Let me answer the hon. Gentleman’s question directly. I personally take the unfashionable view that with a bit of fancy diplomatic footwork and some political intelligence, the Government could negotiate retention of our membership of the single market along with curtailment of freedom of movement. What the Government cannot do—and, funnily enough, the hon. Member for Stone was correct about this—is have membership of, or untrammelled access to, a marketplace of rules and not abide by those rules. That is what is impossible, but it was not a contradiction on the part of the British people; it is a contradiction on the part of the Government, and a self-inflicted one.
Let me now say something about precedent, for precedent is very important. Many people have talked about the history of this place, and the history of the relationship between the legislature and the Executive, but why has no one on the Government Benches cited what is, in my view, the very important precedent of John Major? When he was Prime Minister and was faced with a very tricky negotiation on the Maastricht treaty, he made the courageous decision—and it was not a risk-free decision—to come to the House and say, “This is what I want to negotiate on behalf of the United Kingdom; do you agree or not?” There was a debate, and then a vote, on 20 and 21 November 1991 That was a stance taken with courage and delivered with clarity.
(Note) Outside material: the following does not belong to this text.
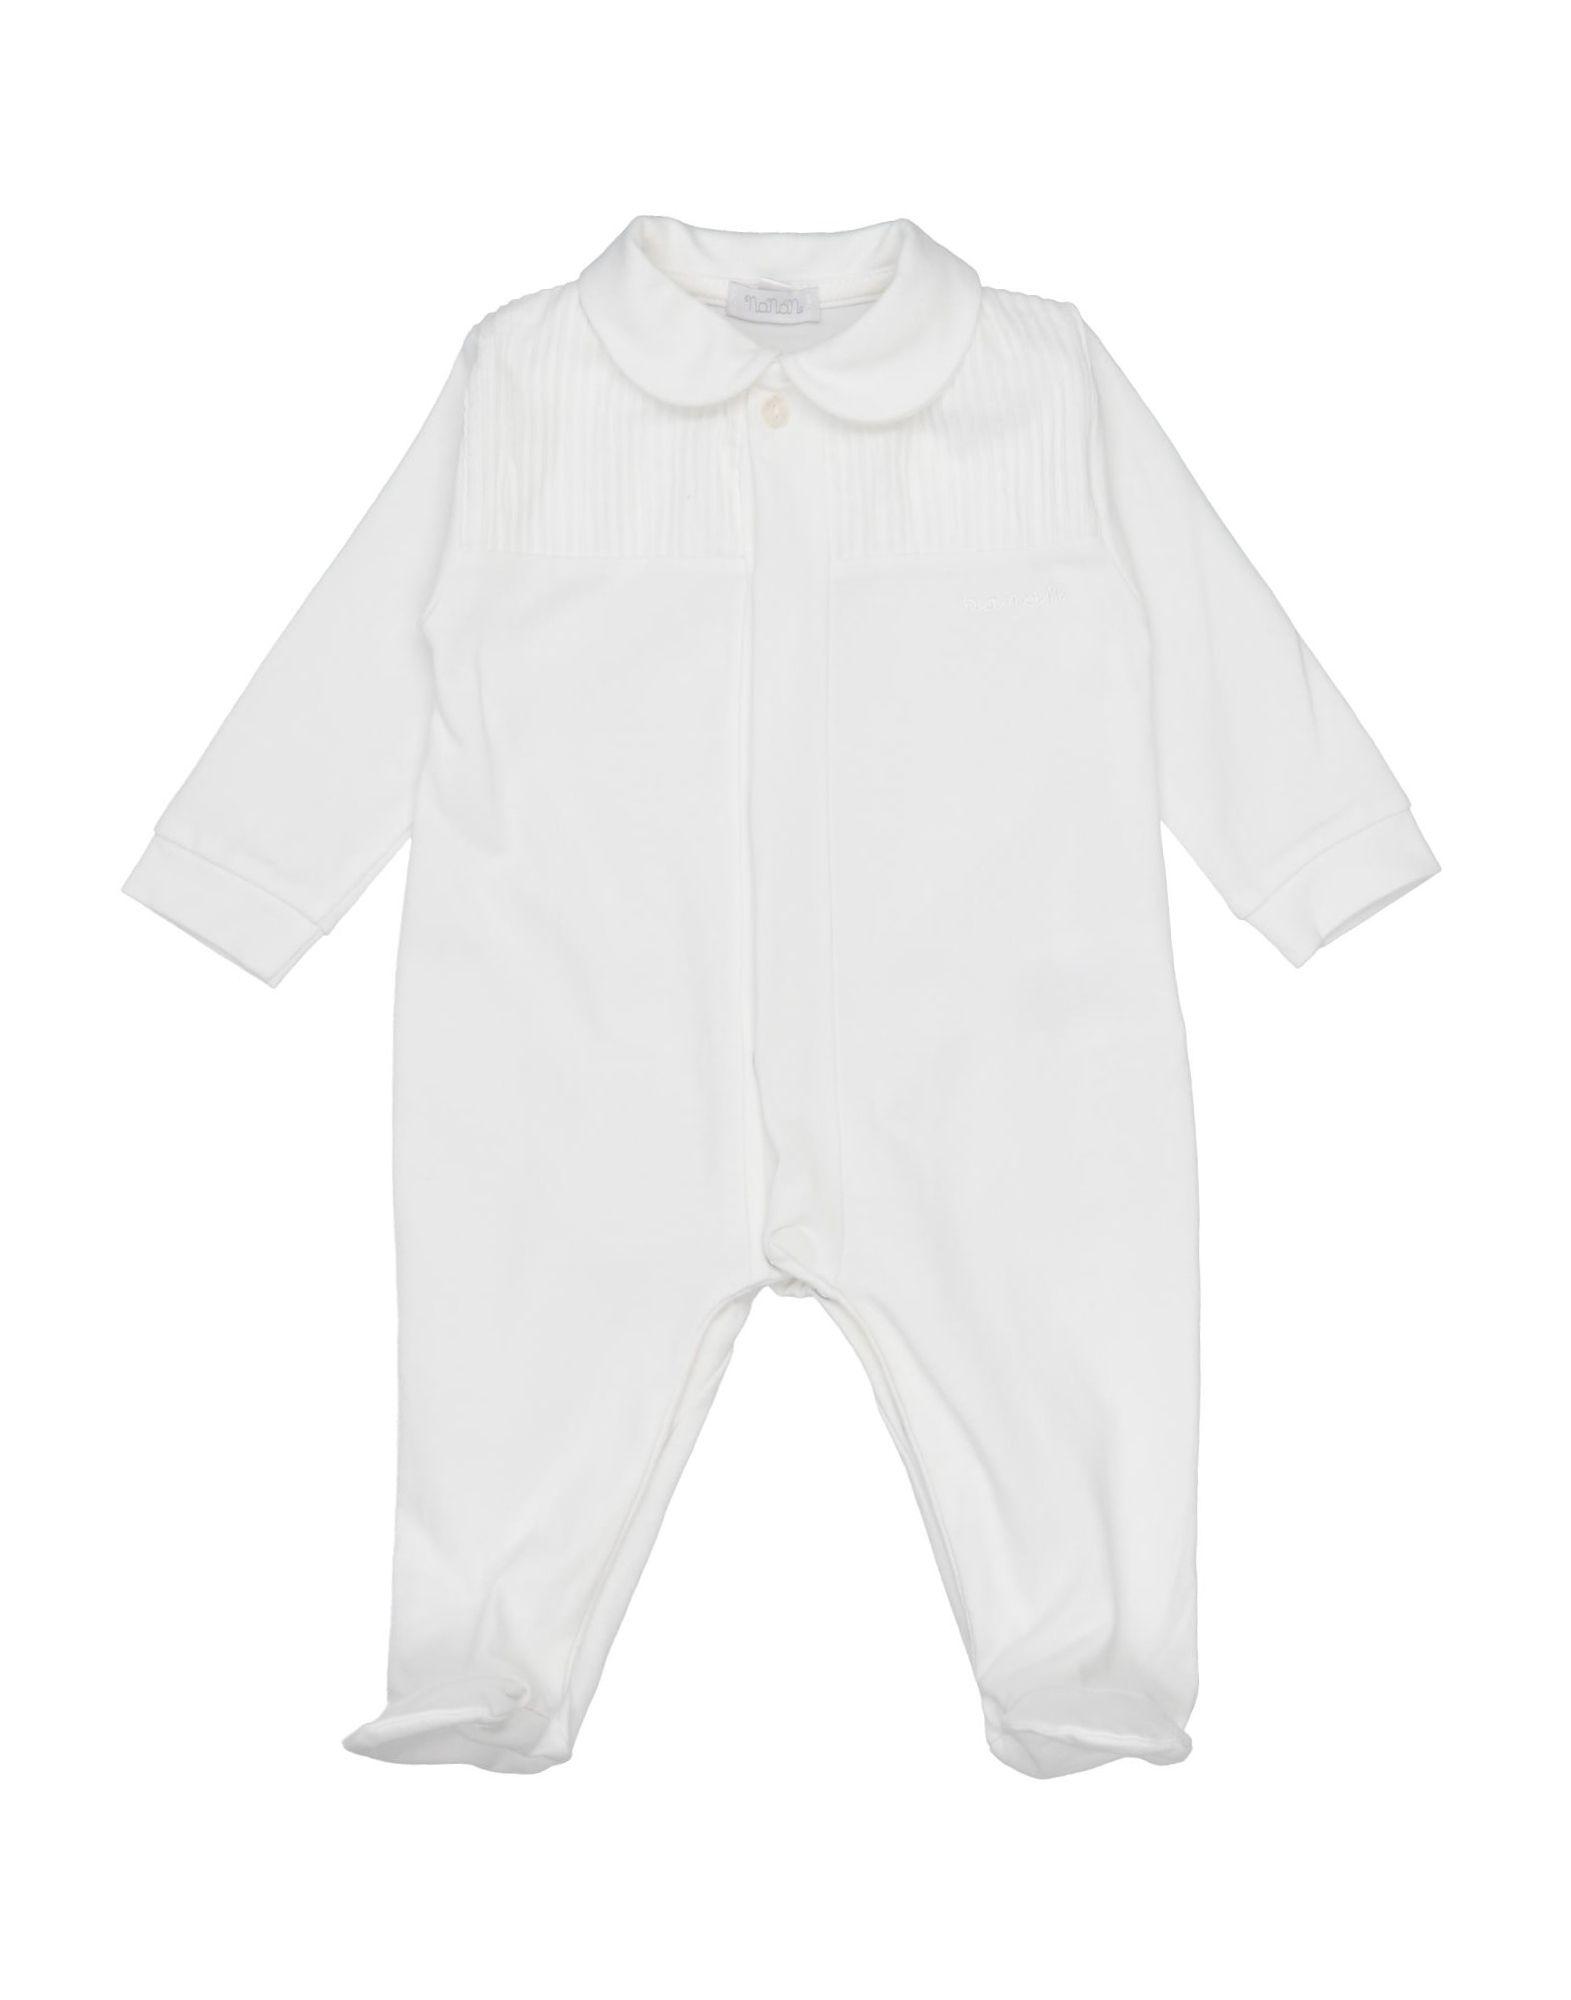 YOOX.COM(ユークス)《セール開催中》NAN?N ガールズ 0-24 ヶ月 乳幼児用ロンパース ホワイト 3 コットン 95% / ポリウレタン 5%

Where is the courage now? Where is the clarity? Where is the willingness of this Government to put country before party? It is truly a shame that the example set by John Major is not being adopted by the followers of the present Prime Minister.
I shall make some progress, if I may. I want to cite one final precedent, which has not been mentioned in the debate so far but of which I have personal experience, and which I think has a direct bearing on the debate.
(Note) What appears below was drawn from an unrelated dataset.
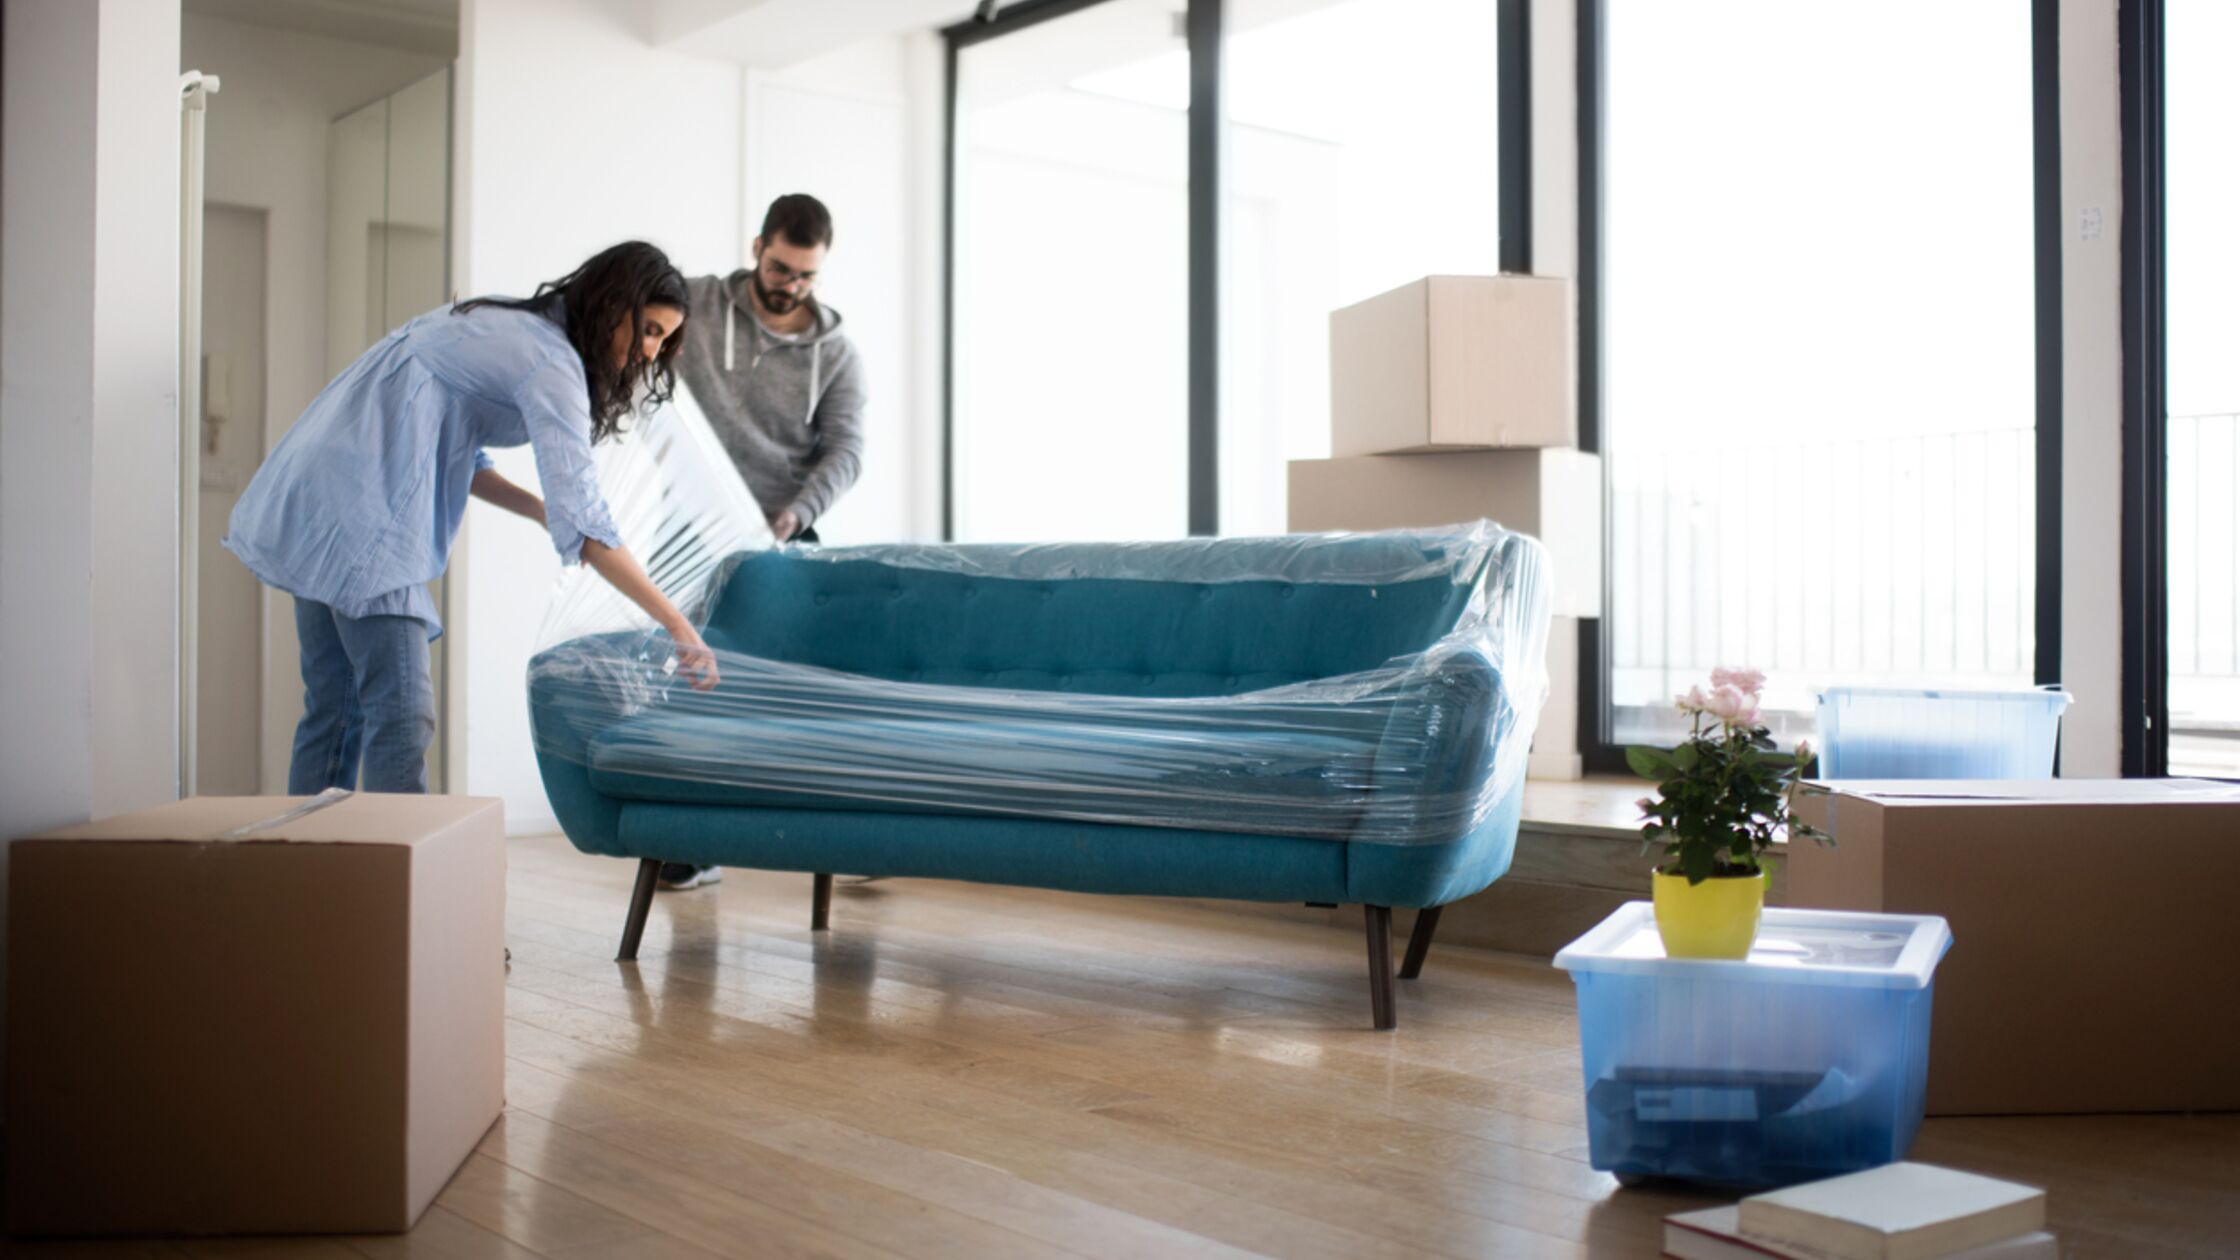 Paar wickelt Sofa in Stretchfolie

When I was Deputy Prime Minister in the coalition Government, a Secretary of State—I shall come to who it was in a minute—came to me and said, “Look, I have to negotiate, on behalf of the Government, a very tricky deal with the rest of the European Union.” It was all to do with the so-called JHA opt-out, on which I am sure the hon. Member for Stone could deliver a great treatise. As he will remember, under provisions negotiated by Tony Blair, the United Kingdom fell automatically out of a bunch of measures on crime-fighting—the so-called judicial and home affairs co-operation measures—and we had to decide, as a country, which ones we were going to opt back into.
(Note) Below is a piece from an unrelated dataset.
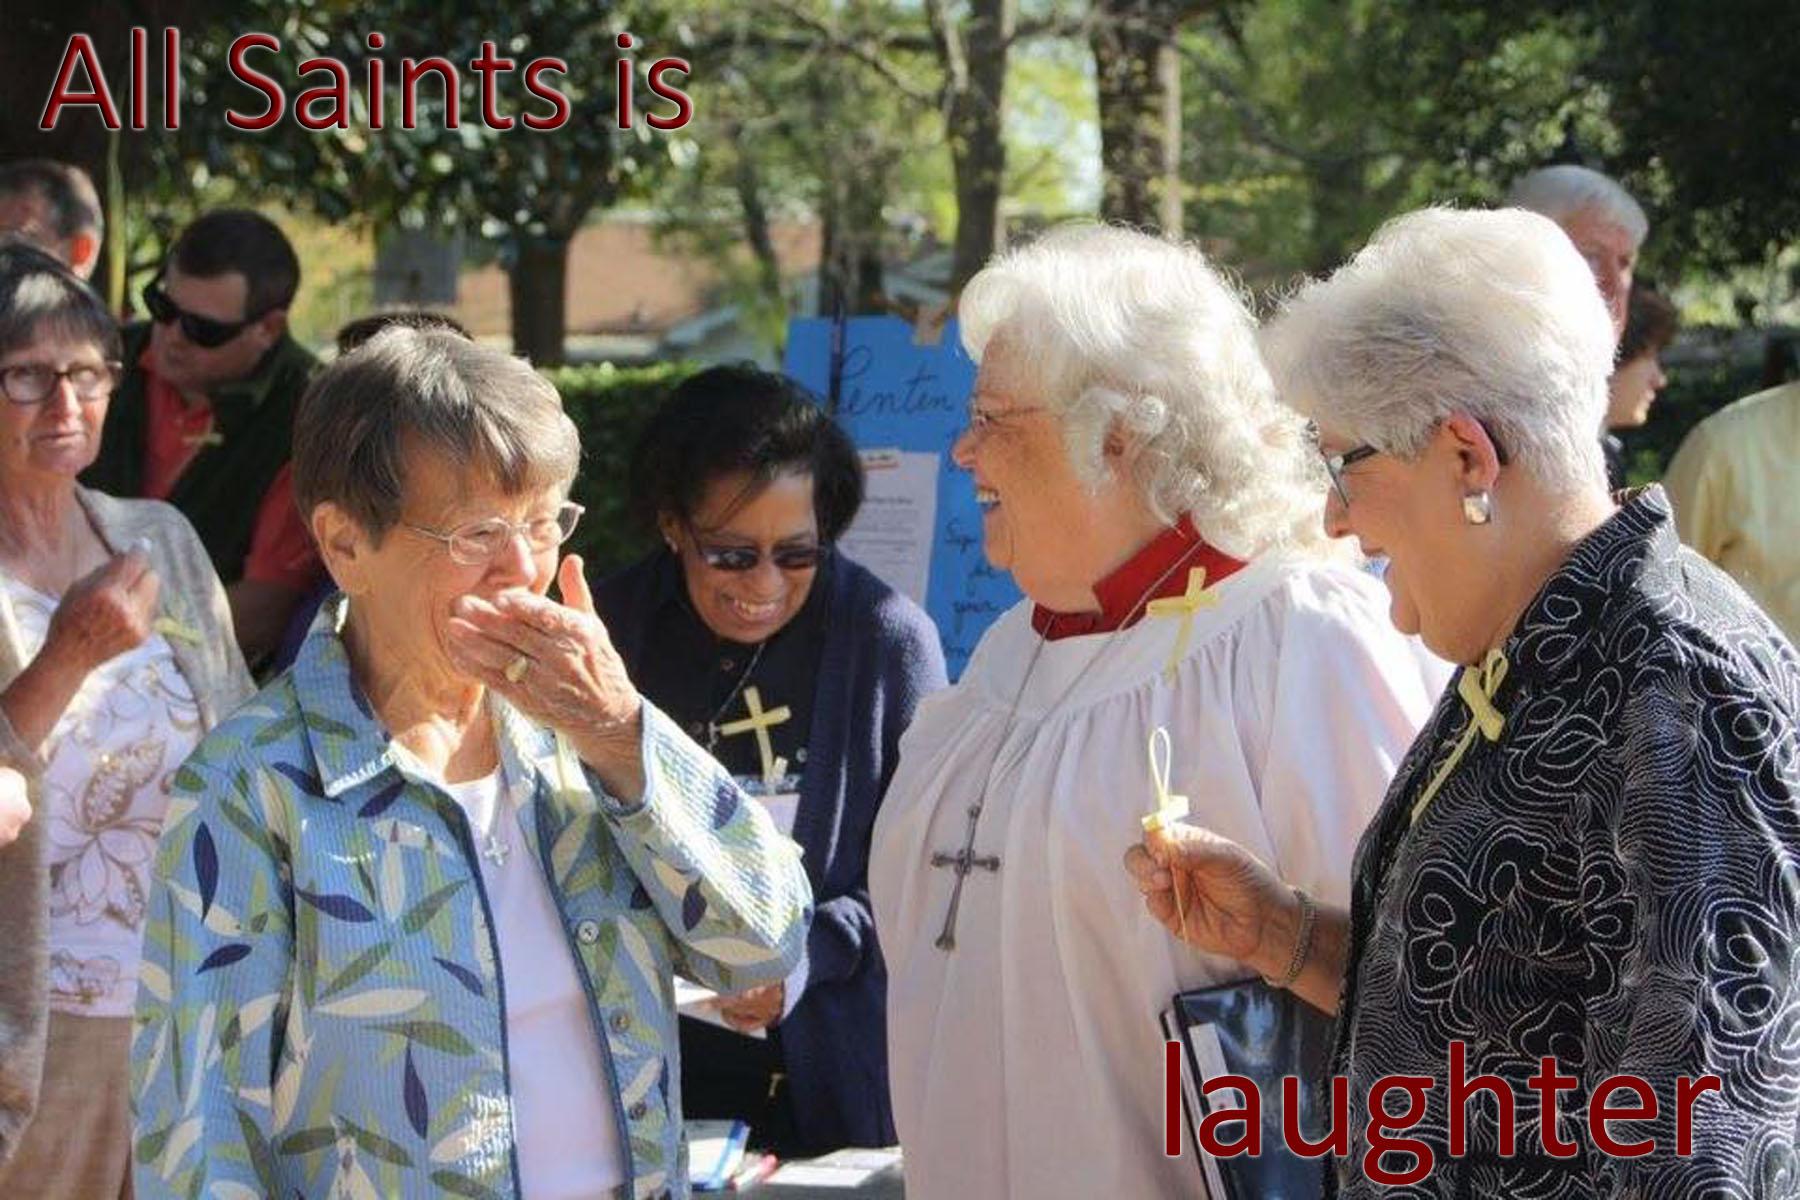 Laughterweb.jpg

There was a great tussle and argument between the two parties in the coalition. I wanted us to opt into more measures, and the Conservatives did not. However, I was told by the Secretary of State that the one absolutely indispensable requirement for that Secretary of State was, at the beginning of the negotiations, a full debate and vote on the mandate on which the coalition would then negotiate with the other member states, and at the end, another debate and vote. Those took place, and I can give the House the dates, which I have here on my scrawny little piece of paper. On 15 July 2013, the House debated and voted on that complex negotiation on the JHA opt-out, and the concluding vote on the final package—which we as a coalition Government were bringing back to the House—took place on 10 November 2014. The House might be interested to learn that the Secretary of State who was so adamant at that time that there should be a debate and a vote on those negotiations was none other than the Prime Minister of today.
That is significant, and my final question for the Ministers is this. If it was justifiable for the House of Commons to have not only a debate but a vote at the beginning and the conclusion of a negotiation on the significant but none the less comparatively narrow matter of the JHA opt-out, why on earth are the Government not coming here today and granting the House exactly the same rights and prerogatives for something that is immeasurably more significant and that will, as so many people have said, have a bearing on life in this country for generations to come?